What imprint does this decoder leave on training in general? Firstly, the amount of information required to store one contour depends on the complexity of the contour shape. Secondly, on the number of harmonics. For example, it is most effective to cover a “square-nested building” with one complex circuit, in which complex harmonics set a pattern of identical buildings (an ideal “square-nested building” does not occur in nature, but for example …) This, of course, will be a large volume information – but it will immediately cover most of the image. And in order to encourage the network to create the most efficient contours, we give it a significant margin of outputs, allowing you to specify a lot, for example, Bezier curves (or how we want to define the contour) and harmonics. Then, according to the required degree of compression, we quantize the outputs (both harmonics and contours). We estimate the required amount of information for each.

Sort in order of increasing contrast. And then, instead of taking the first N contours, as in the “spherical vacuum” example, we select the contours in order of increasing contrast (i.e., influence on the image), until the required volume is reached in the amount of N (plus or minus to the nearest integer description of one circuit). And only the quantized contours already obtained, filled with quantized harmonics, are fed to the “unclamp” and then to the “smart error estimate”, teaching the neural network to make the best use of very intricate and complex patterns between the levels at the outputs and the amount of information that needs to be “fit” ( and at the same time protecting yourself from edge effects of learning for N_{-1}-th output signal).

As is easy to see, this is very different from the general case above. The space of output parameters is rigidly divided into regions (the maximum number of which should cover the highest compression quality of the most complex image), where each region is divided into a contour encoded in one way or another (the number of signals allocated for this corresponds to the most complex contour) and harmonic coefficients ( also corresponding to the worst case). The total number of outputs will surely turn out to be comparable to the number of inputs, but since the cases where everything simultaneously proceeds according to the worst scenario are degenerate or completely impossible in principle, this should not be embarrassing, because after quantization, sorting and discarding the least contrasting (I assume that in this case it is better to ignore the size of the area altogether, so that the importance of small and large details is determined by the neural network itself) – the number of “survivors” will dry out by a couple of orders of magnitude.
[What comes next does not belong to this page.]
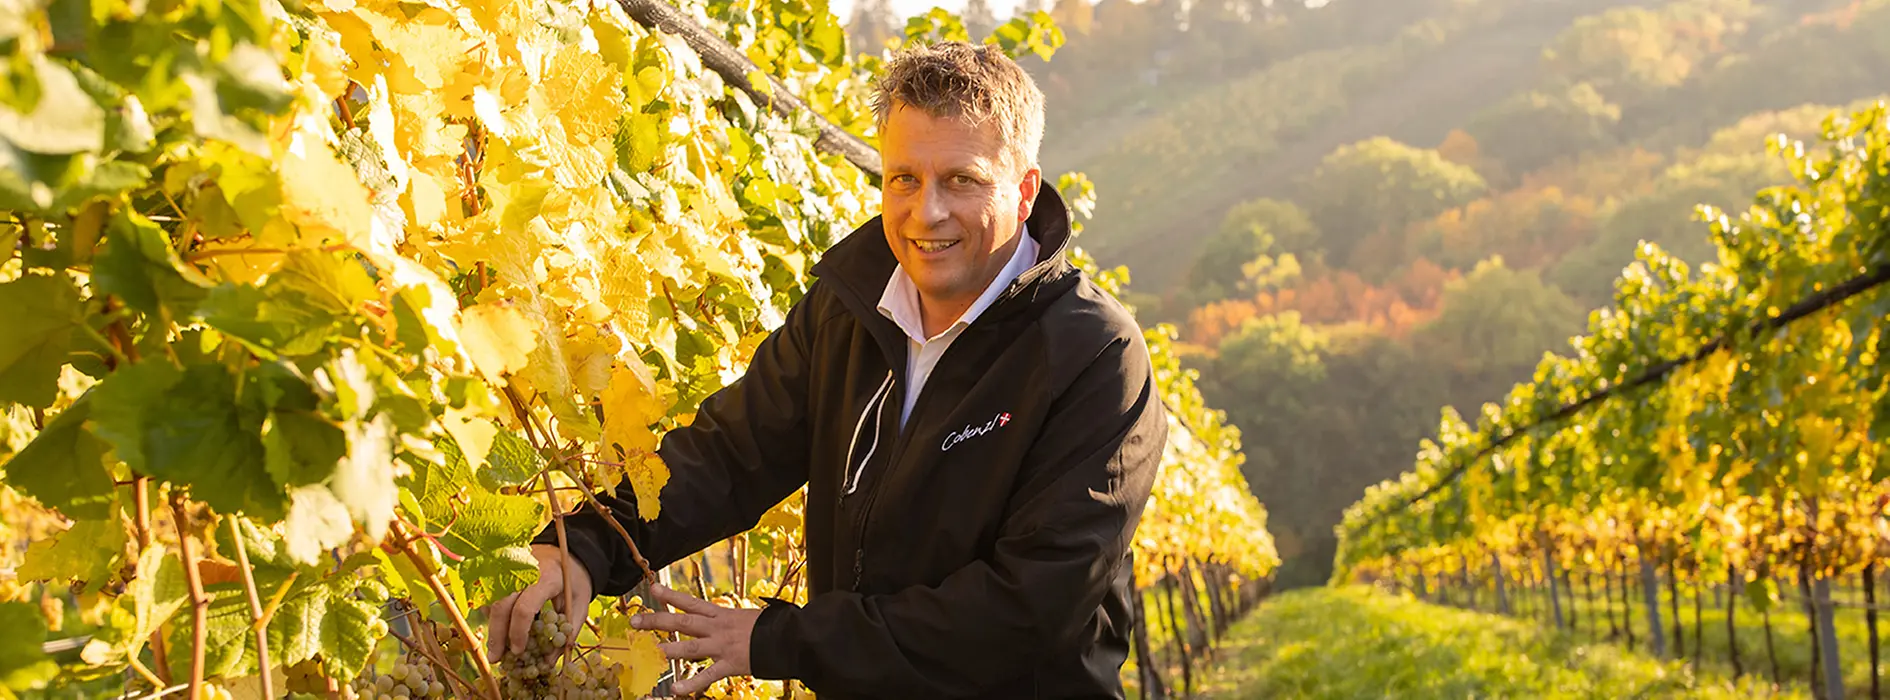 Thomas Podsednik in the vineyard

And even more – if the “nightmare” codec does not show a high compression ratio, any workable result is already very indicative in terms of the ability of neural networks to own the most terrible ways of encoding an image.

Thus, if someone knows the issues of “smart” error estimation much better than I do, and in addition can imagine the principles by which it is possible to describe the contours in a way accessible to the neural network (and even so that they can be quantized with a “roughening” of the contour ) — I wish good luck to this brave naturalist.

And if someone from those who dealt with fractal compression, these considerations led to similar thoughts in their diocese, I give them the rostrum.

Criticism is welcome (except for pointing out that all this is nothing more than an acrobatic imhonautics competition on uneven bars, because this circumstance is already known and listed in “known bugs”, there is no point in repeating it). Operational criticism is especially welcome, before it is too late to correct ashypki, ochpeyatki and incorrect use of terminology.